Being a computational physicist, I tested this by just plugging in all my numbers to see what happened (extracted by brute force from WoS). This was delightful little exercise, many papers I consider better works immediately scored higher than by other measures, generating a list that corresponds reasonably closely to their importance, at least as this importance is perceived by me. I would thus be very happy to see this index (or something similar) in use.
But one problem related to using the median immediately became obvious: what to do with all the zeroes that you need to divide by? A median of zero will probably be quite common, for instance, the median number of scitations for anything published in Science this year (2016) is zero, but no doubt there are journals where the median can remain zero for years. Using the mean citation the cure is more intuitively obvious: the only time the mean is identically zero is when no paper in the journal from that year has been cited at all, including the one you are interested in, so just define the quantity to be zero in these circumstances. But I don't see an equally obvious generalization based on the mean. Just setting the denominator to 1 (which will in low-citation circumstances always be the most likely citation count, barring 0) somehow does not seem quite satisfactory to me. So: how do you solve this? Obviously papers must have a well-defined index from day one.
This is really the consequence of an inherent jumpiness in the measure that you get when using the median. To return to the previously mentioned case in detail: I have one paper from this year in Science, currently cited 11 times. If you filter out all the Rubbish (here defined as "anything not original research articles" [can you believe that Rubbish actually accounts for about 2/3's of the contents in Science as listed in WoS!?! Of course you can, silly me...]), the median citation count is 1, which provides a score of 11 from that paper (nice!). But the median citation count will of course at some point reach 2, at which (completely arbitrary) point in time the score suddenly drops by half, even though nothing interesting has really happened. The mean would behave much more smoothly.

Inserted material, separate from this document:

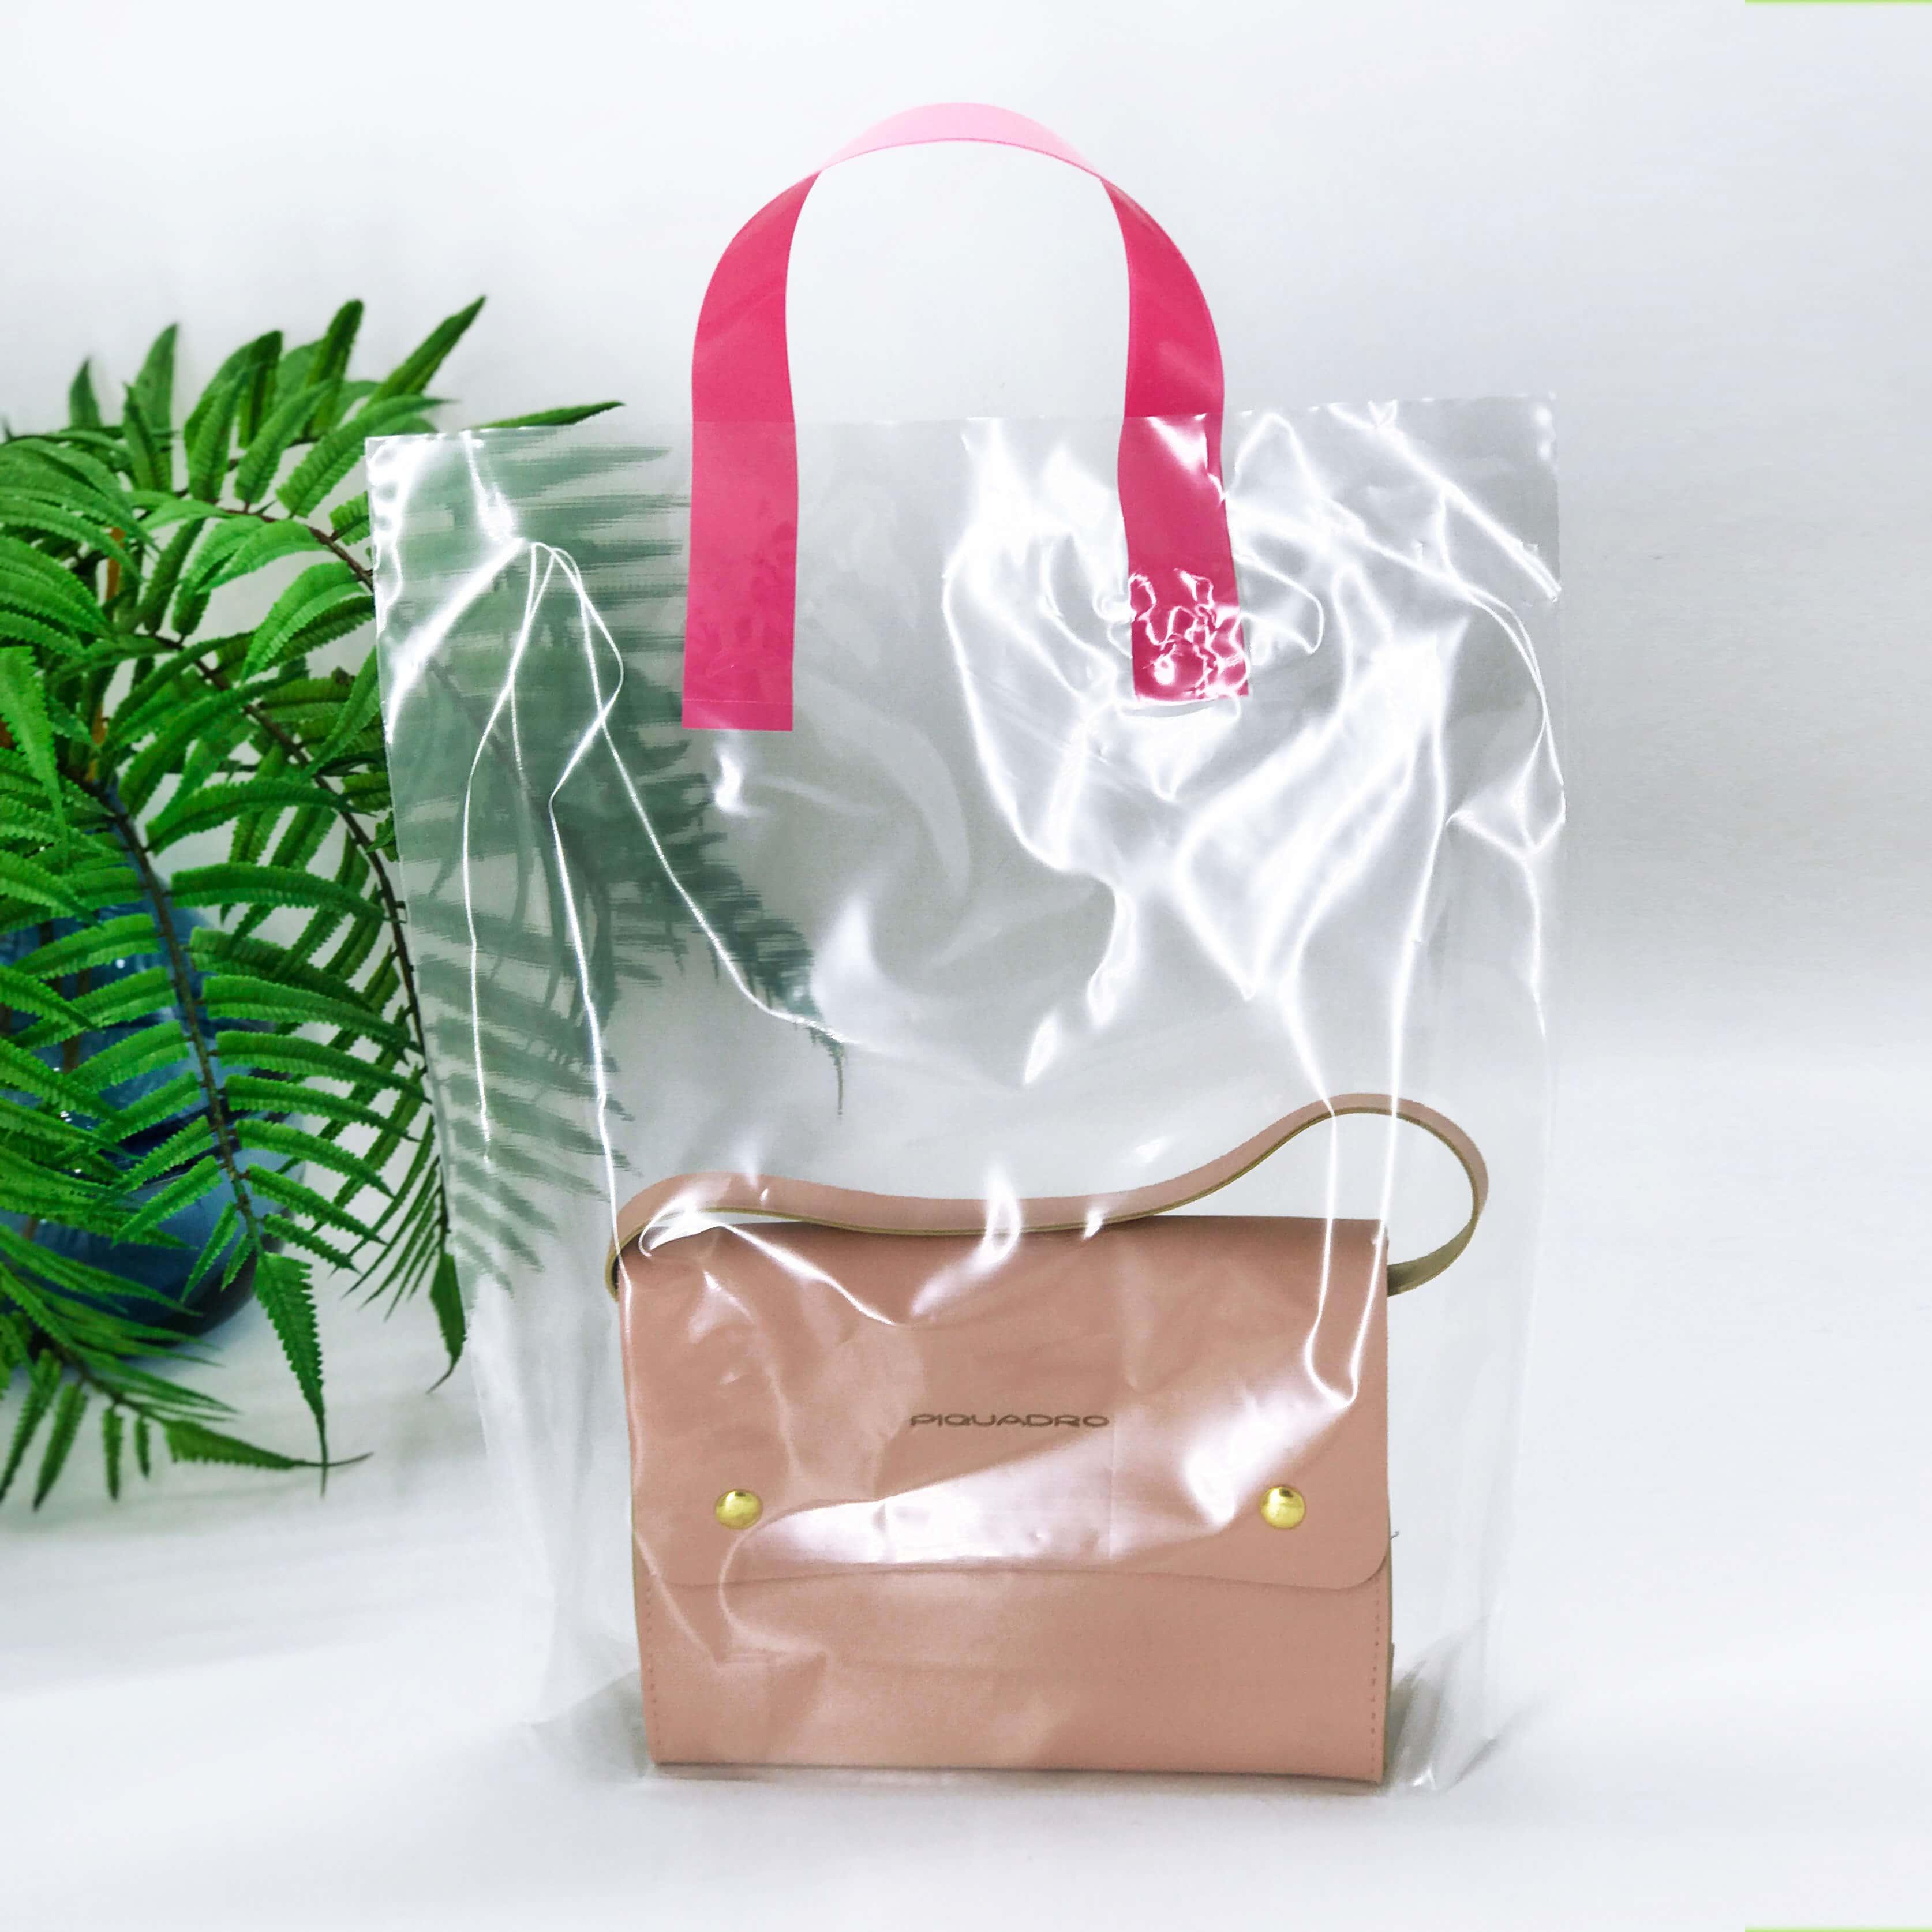 Пакет активированный с розовой петлевой ручкой 300*350 мм, А6 полиэтилен, ПРОЗРАЧНЫЙ -Chernigov Package - Photo +1607434216631844

That said for mathematical properties, I also worry a little that the index may not be very discriminating between journals in the "lower end" of the spectrum (i.e. with low impact factors and citation counts). Very bad journals generally have citation counts very much lower than the perceived "upper echelon" of the impact factor universe. So far so good, but a lot of perfectly good journals also have very low citation counts. The basic premise of the index is that citation counts are a meaningful measure of quality of both individual papers and the journals themselves. I am reasonably convinced of the former, but the latter I'm not so sure about, especially when using the suggested median measure here. I suspect that the quality span among journals with 0-1 median citation count for two years back is very large indeed.
As said, I like the index a lot, but there are some consequences that look a little risky when applying it across larger datasets. I have the feeling that this index runs a risk of becoming something that is applied only after you have thrown out everyone that has published in only journals with low impact factors.